Dr. Judith Walkowitz has had a distinguished career combining cultural, social and political histories from a feminist perspective. After receiving her Doctoral Degree from the University of Rochester, she taught at Rutgers University for the first half of her academic career and then for many years at Johns Hopkins University in Baltimore. She was Director of Women’s Studies at Johns Hopkins for a number of years. She has received many academic honors and awards including National Endowment for the Humanities, Guggenheim, and American Council of Learned Societies Fellowships. She spent a year at the Institute for Advanced Study at Princeton, and another year at The Center for Advanced Study in the Behavioral Sciences at Stanford. She has published a number of books including: Nights Out: Life in Cosmopolitan London (2012); City of Dreadful Delight: Narratives of Sexual Danger in Late Victorian London (1992); Prostitution and Victorian Society: Women, Class and the State (2009); and has co-edited Sex and Class in Women’s History: Essays for Feminist Studies(1983). She has published numerous articles and book chapters and presented many papers and lectures in the United States, Great Britain, and other countries. She has also held important leadership positions in various academic endeavors including President of The Berkshire Conference of Women Historians and Chair of The Committee on Women Historians of the American Historical Association.

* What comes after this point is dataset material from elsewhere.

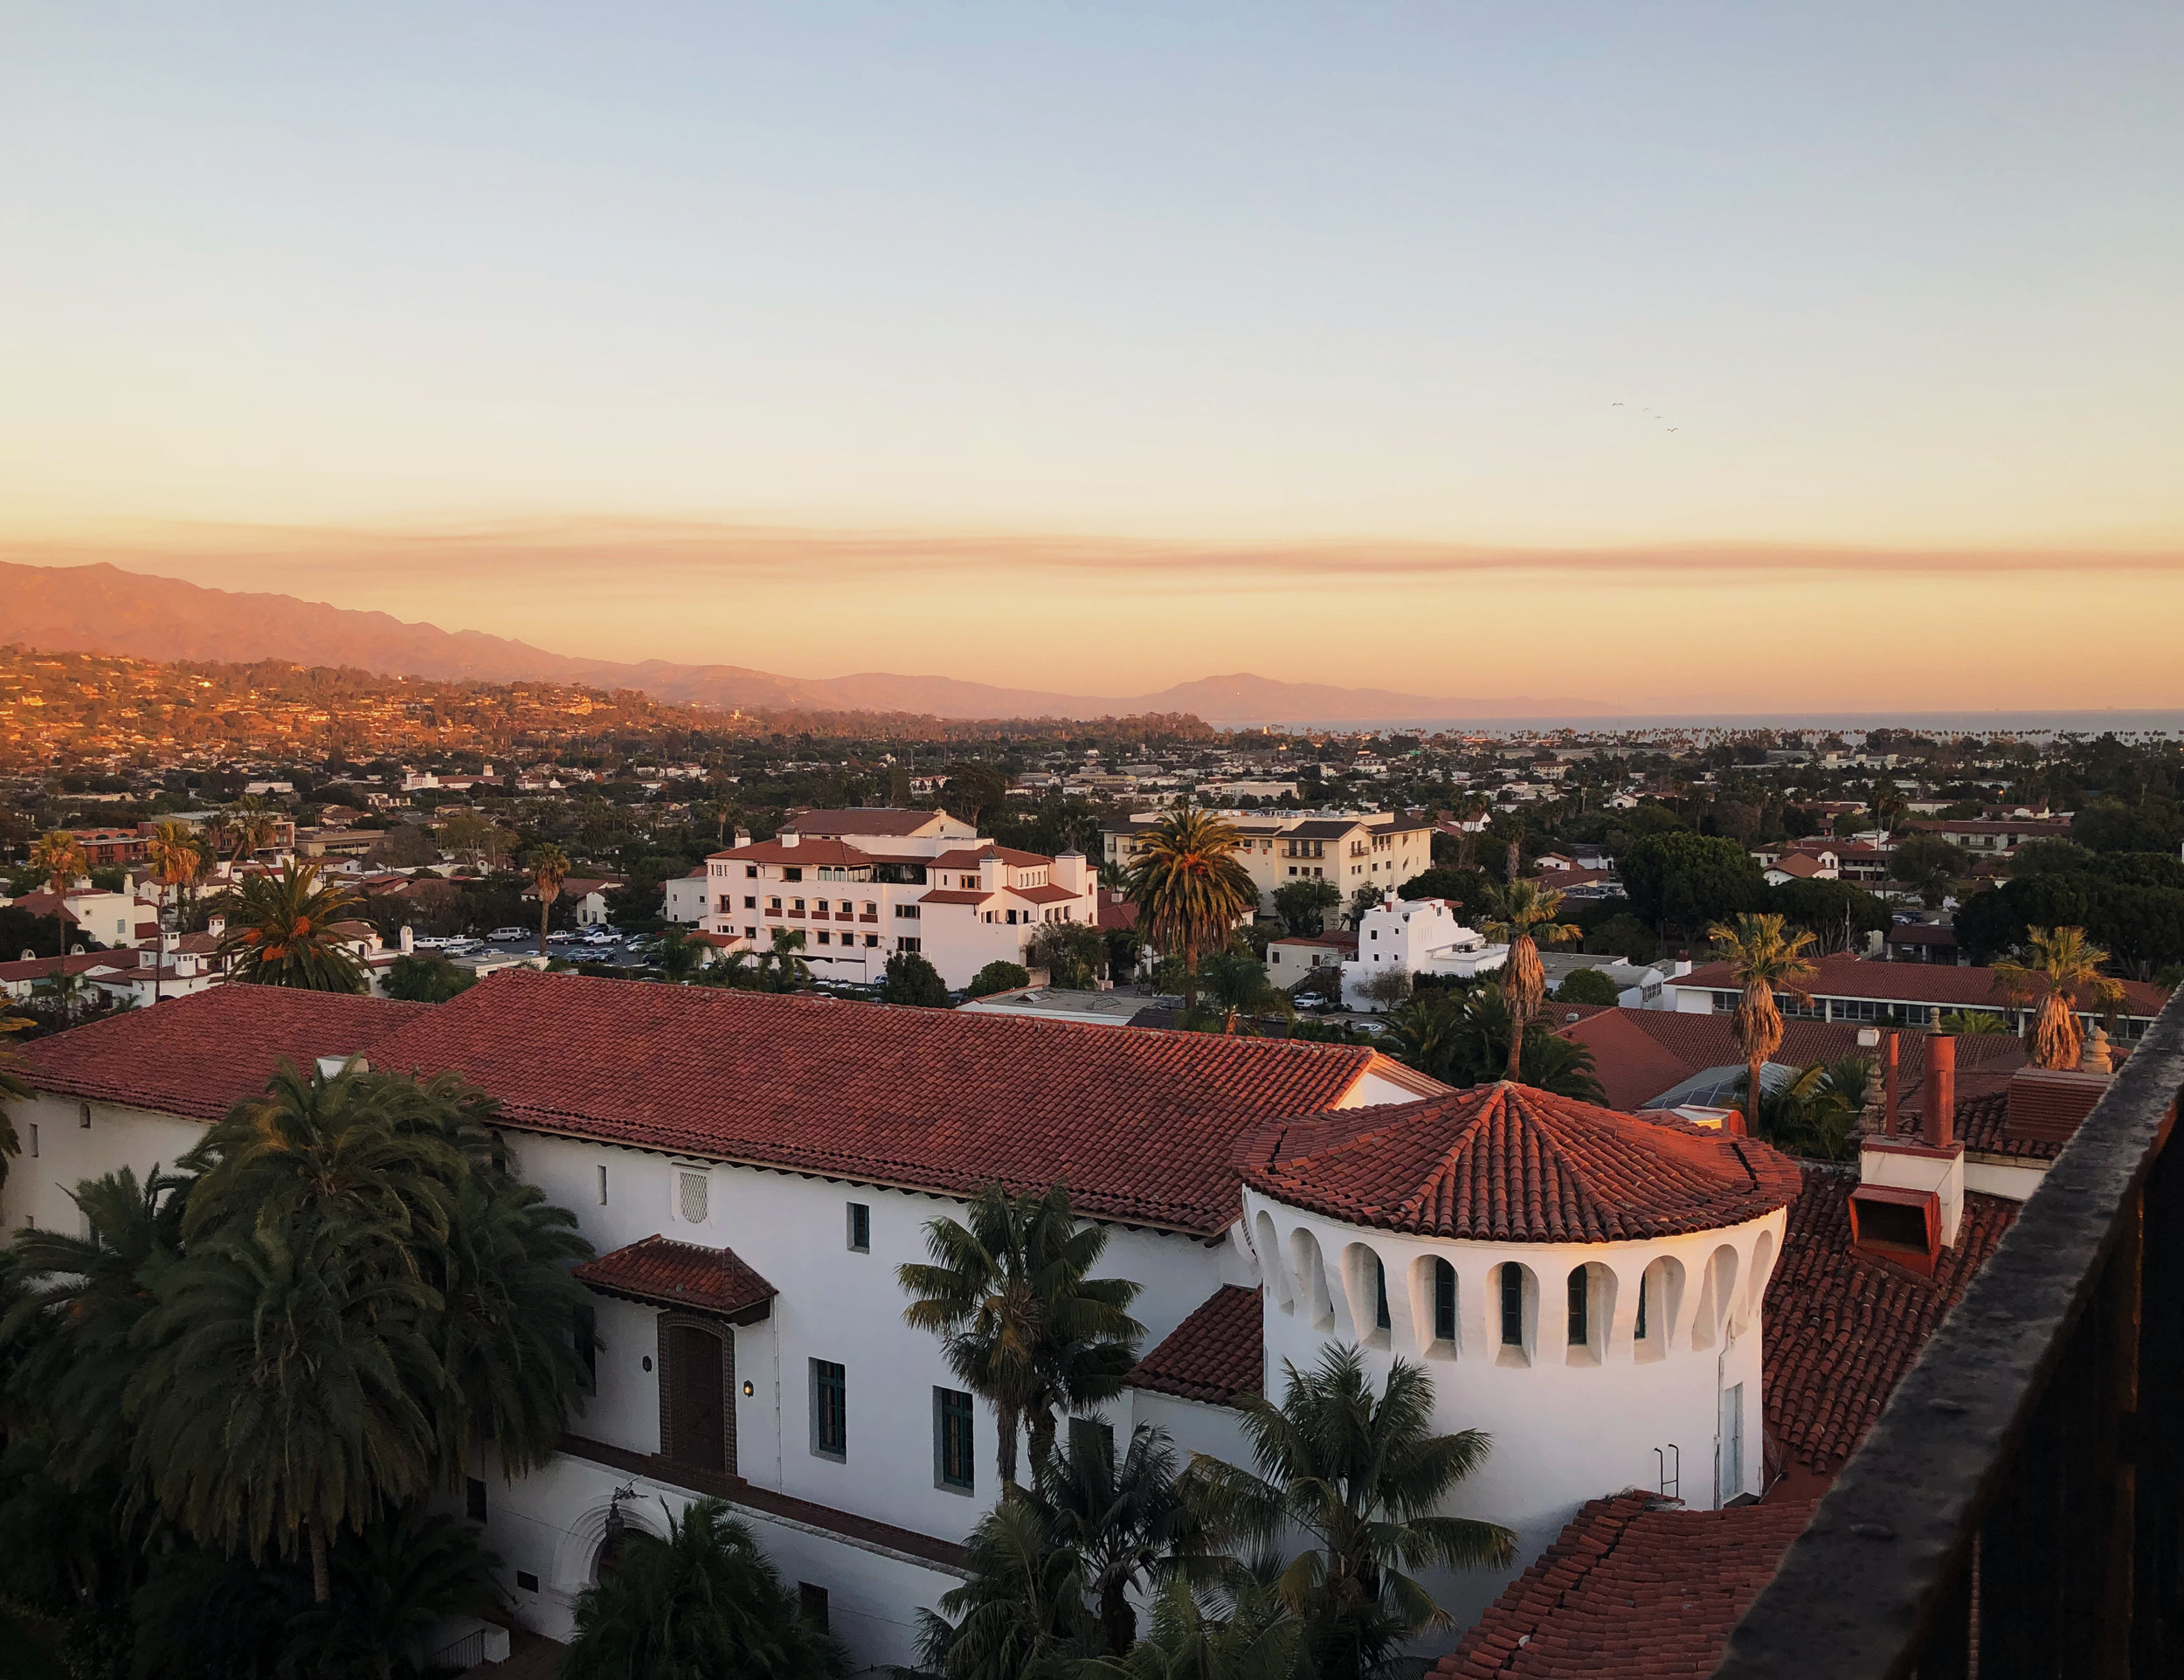 SANTA BARBARA TOUR (1 DAY) - Colleges: University of California Santa Barbara, Westmont College, Cal Sate San Luis ObispoCost: $298 (Early Bird); $349 (Regular)Next Tour: TBA

The Estelle Feinstein Memorial Lecture is an annual lecture in memory of Dr. Estelle Feinstein, a beloved teacher, mentor, scholar, colleague and friend at UConn Stamford from 1957-1989, where she founded the History and Political Science Departments. Her specialty was American History and the Urban History of The United States. (She published highly regarded books on the city of Stamford.)
The Estelle Feinstein Memorial Lecture is co-sponsored by UConn/Stamford (and within the Stamford Campus by the History Department and the Women, Gender, and Sexuality Studies Program), The Jewish Historical Society of Fairfield County, and the Stamford Historical Society.
UConn/Stamford is located at 1 University Place, Stamford. Admission to the event is free and open to everyone.